→ **Data section**

--------

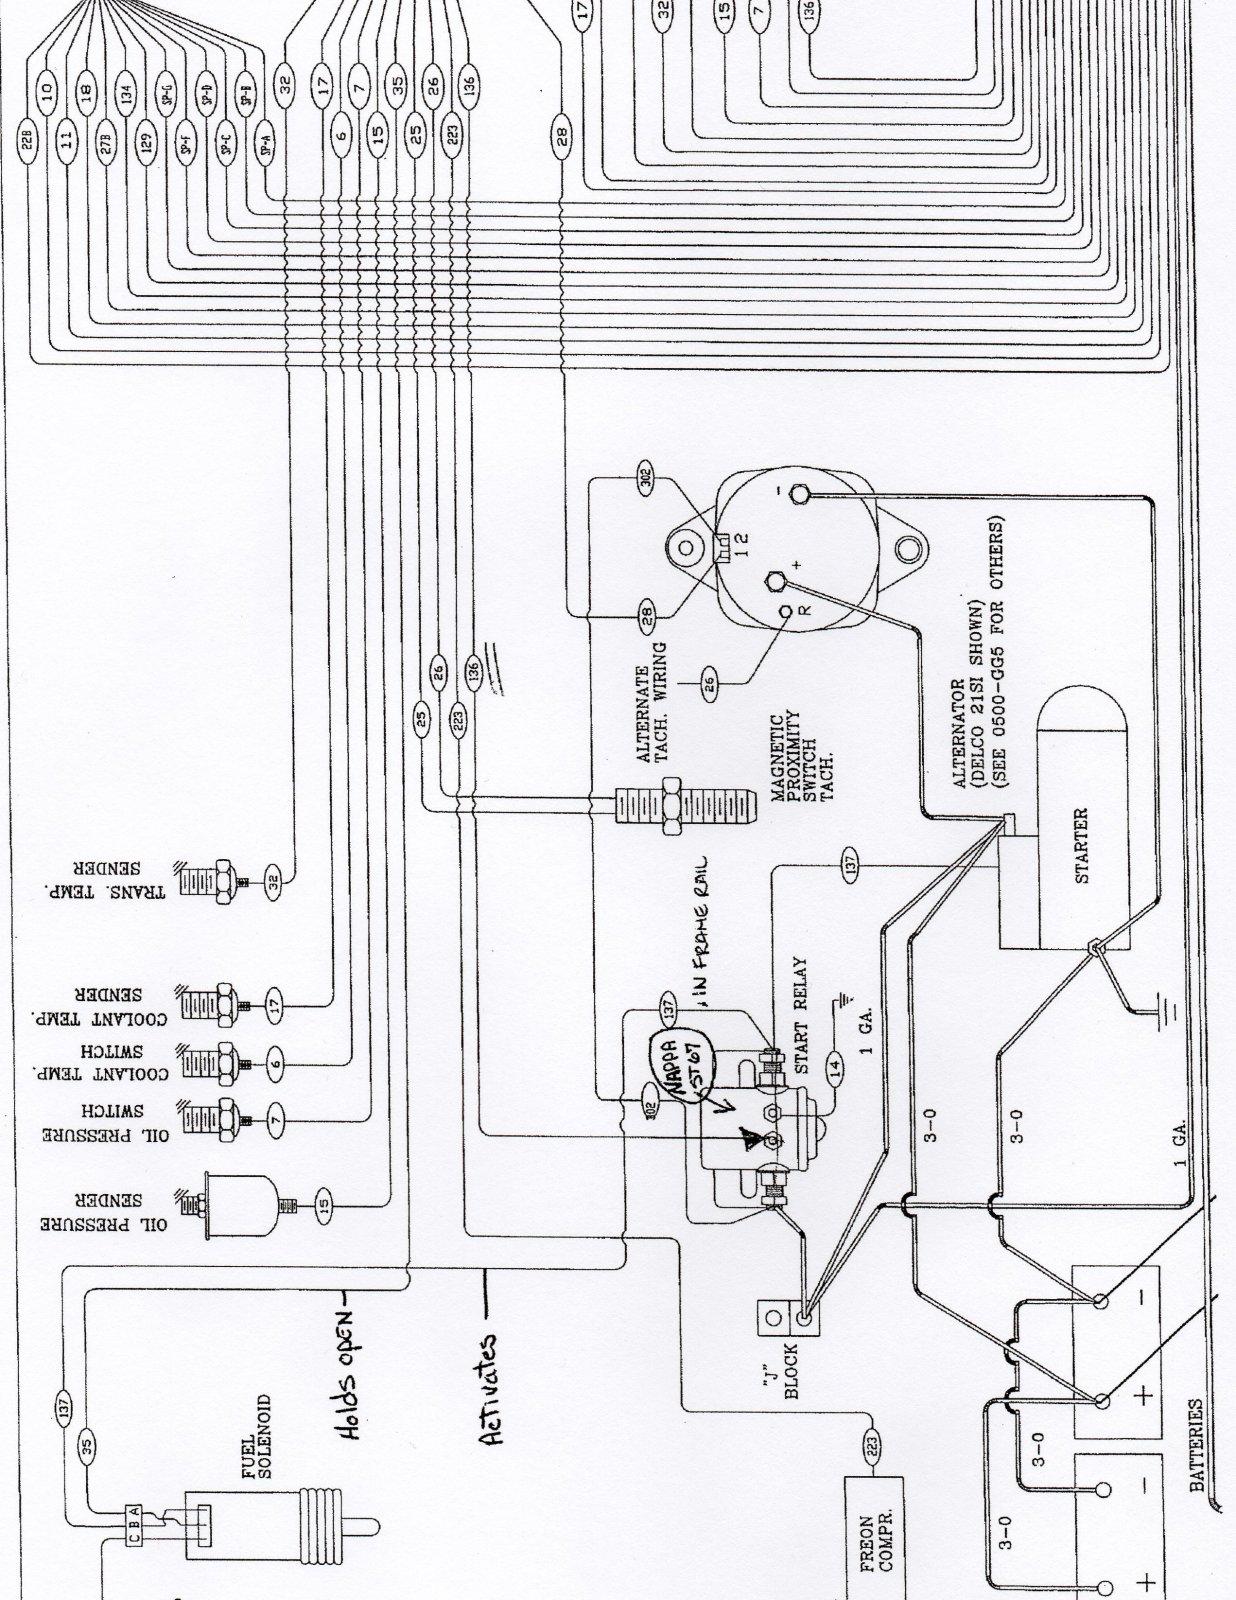 wiring diagram 32 holiday rambler travel wiring discover your holiday rambler wiring diagram wiring diagram
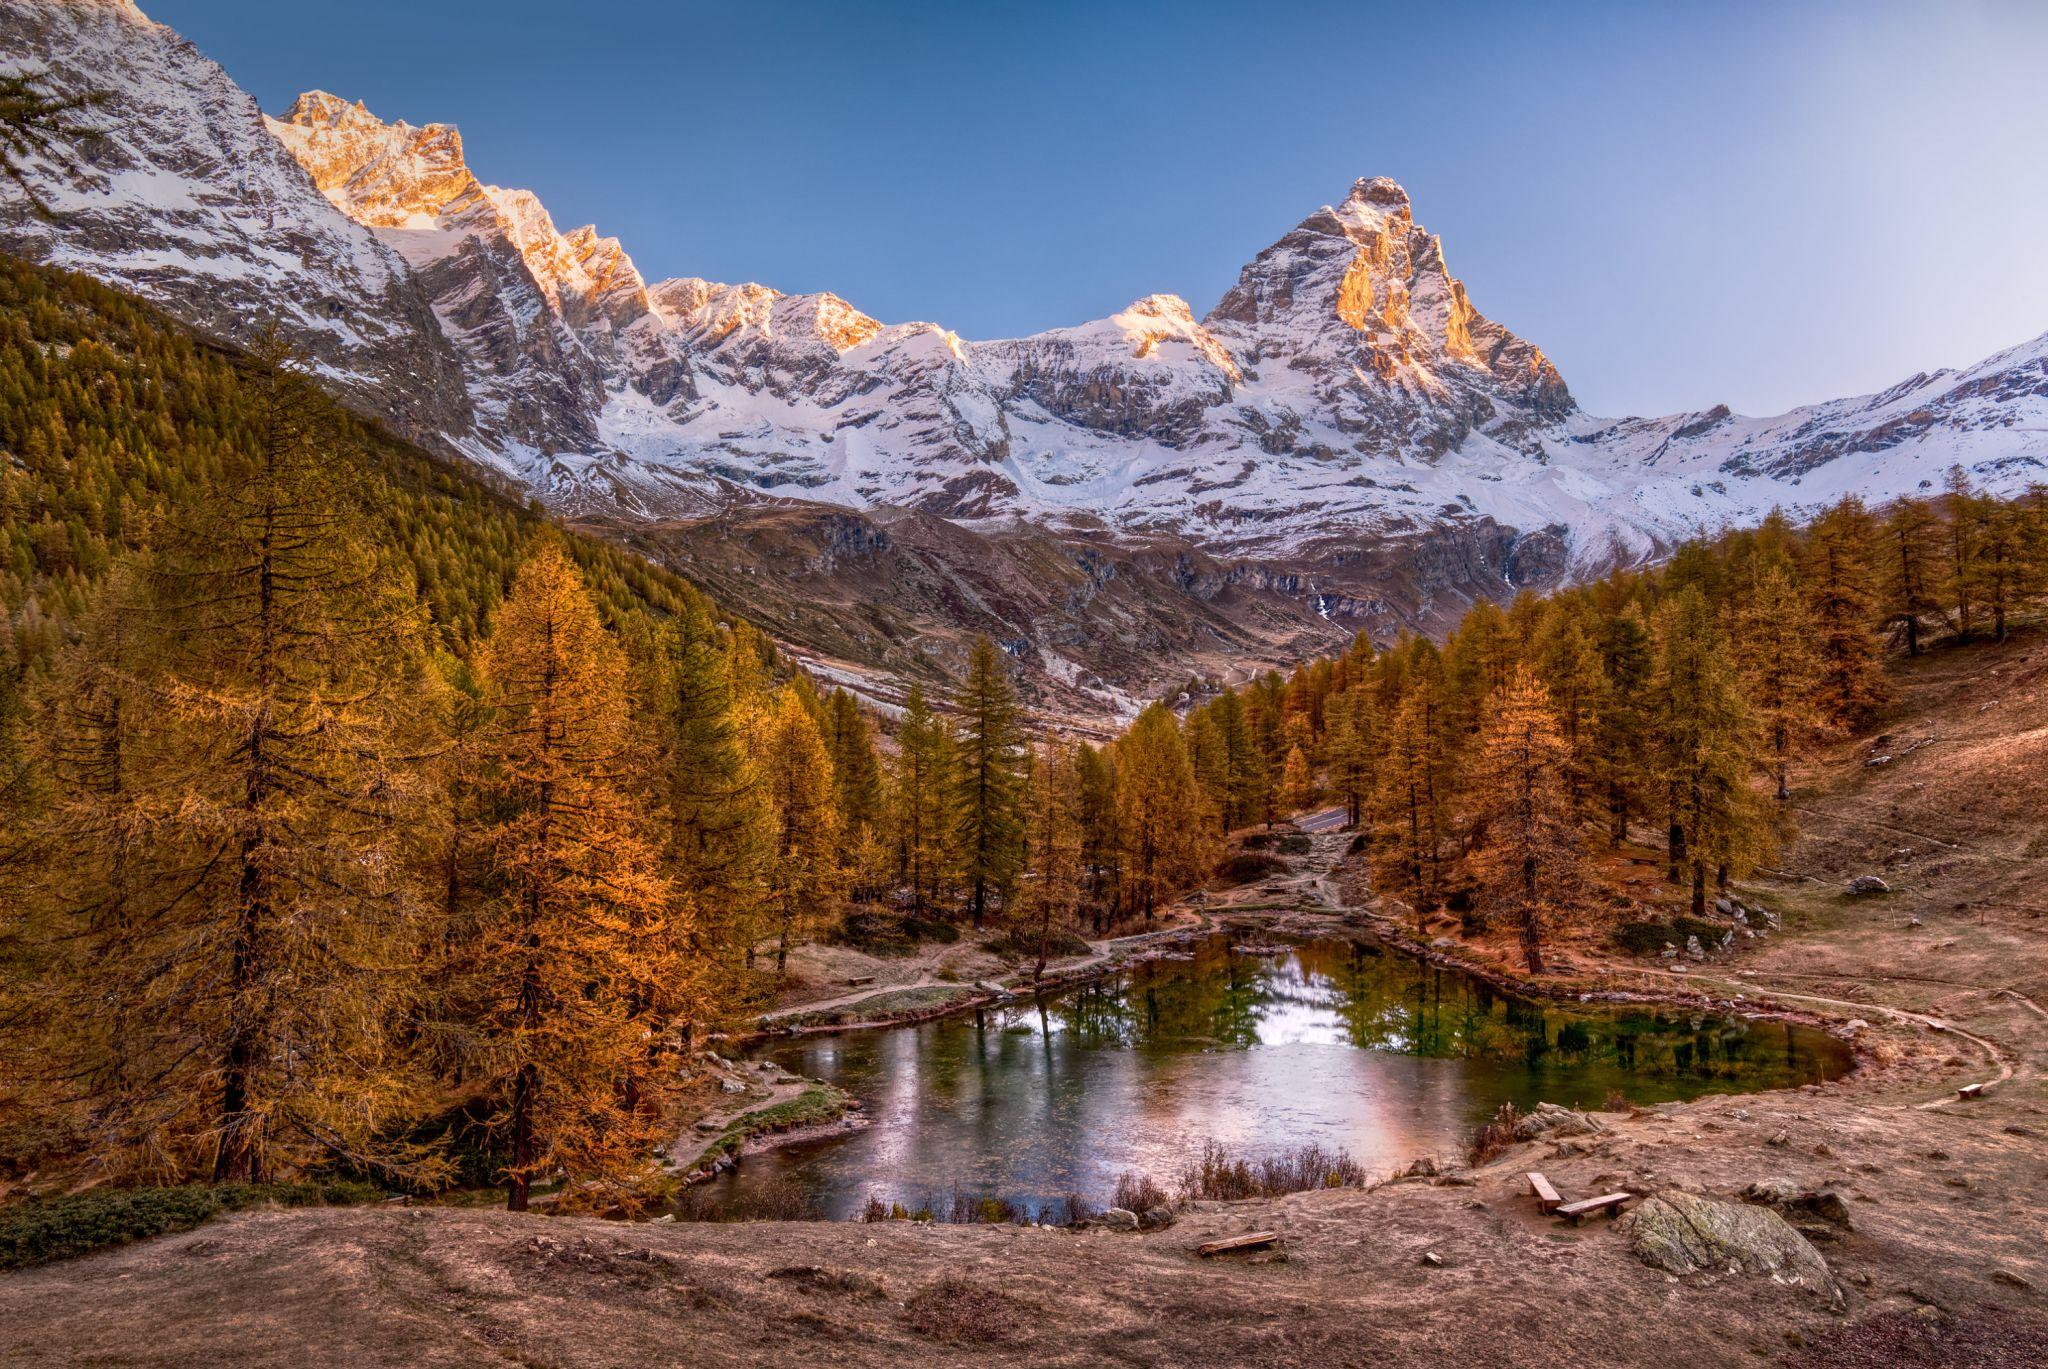 Lago Blu, Italy
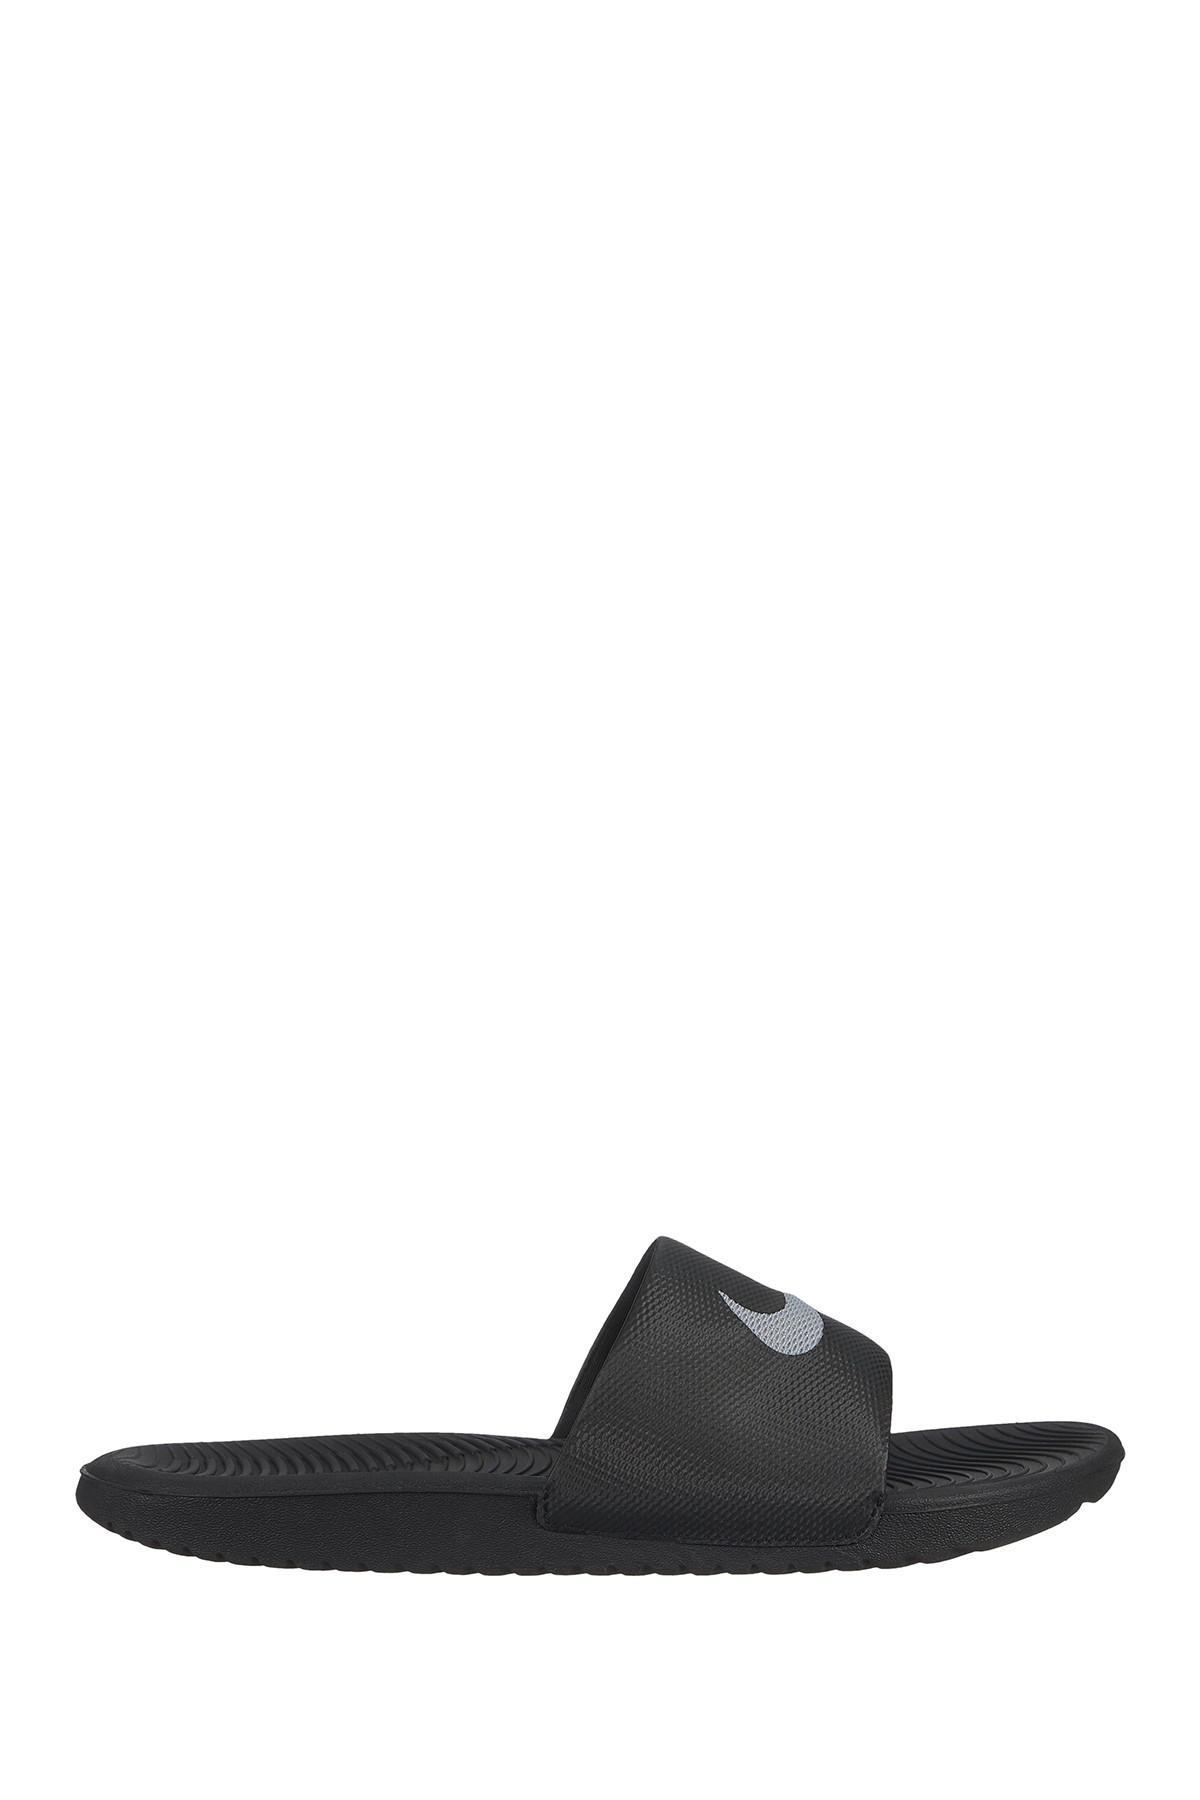 40c82f26781e Lyst - Nike Kawa Slide Sandal in Black
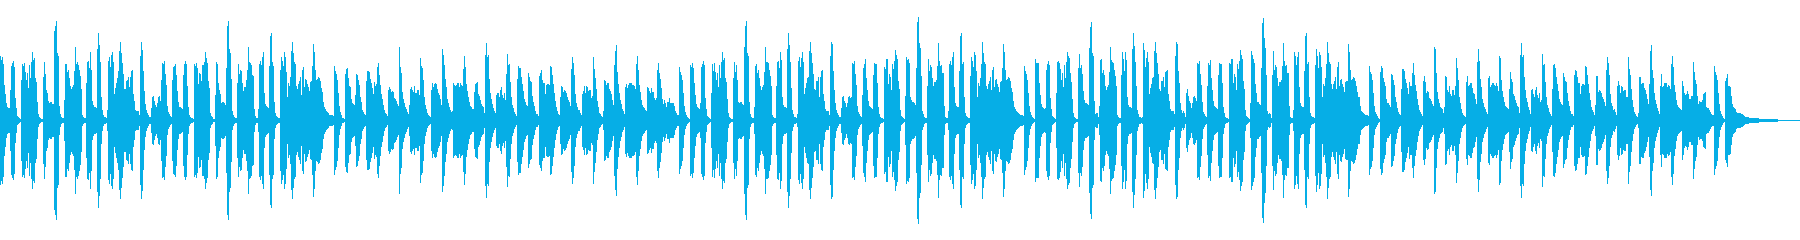 リコーダー・ゆるい会話やお話の再生済みの波形

--------

Give back the full listing verbatim, skipping each picture.

 wiring diagram 32 holiday rambler travel wiring discover your holiday rambler wiring diagram wiring diagram
 Lago Blu, Italy
 40c82f26781e Lyst - Nike Kawa Slide Sandal in Black
 リコーダー・ゆるい会話やお話の再生済みの波形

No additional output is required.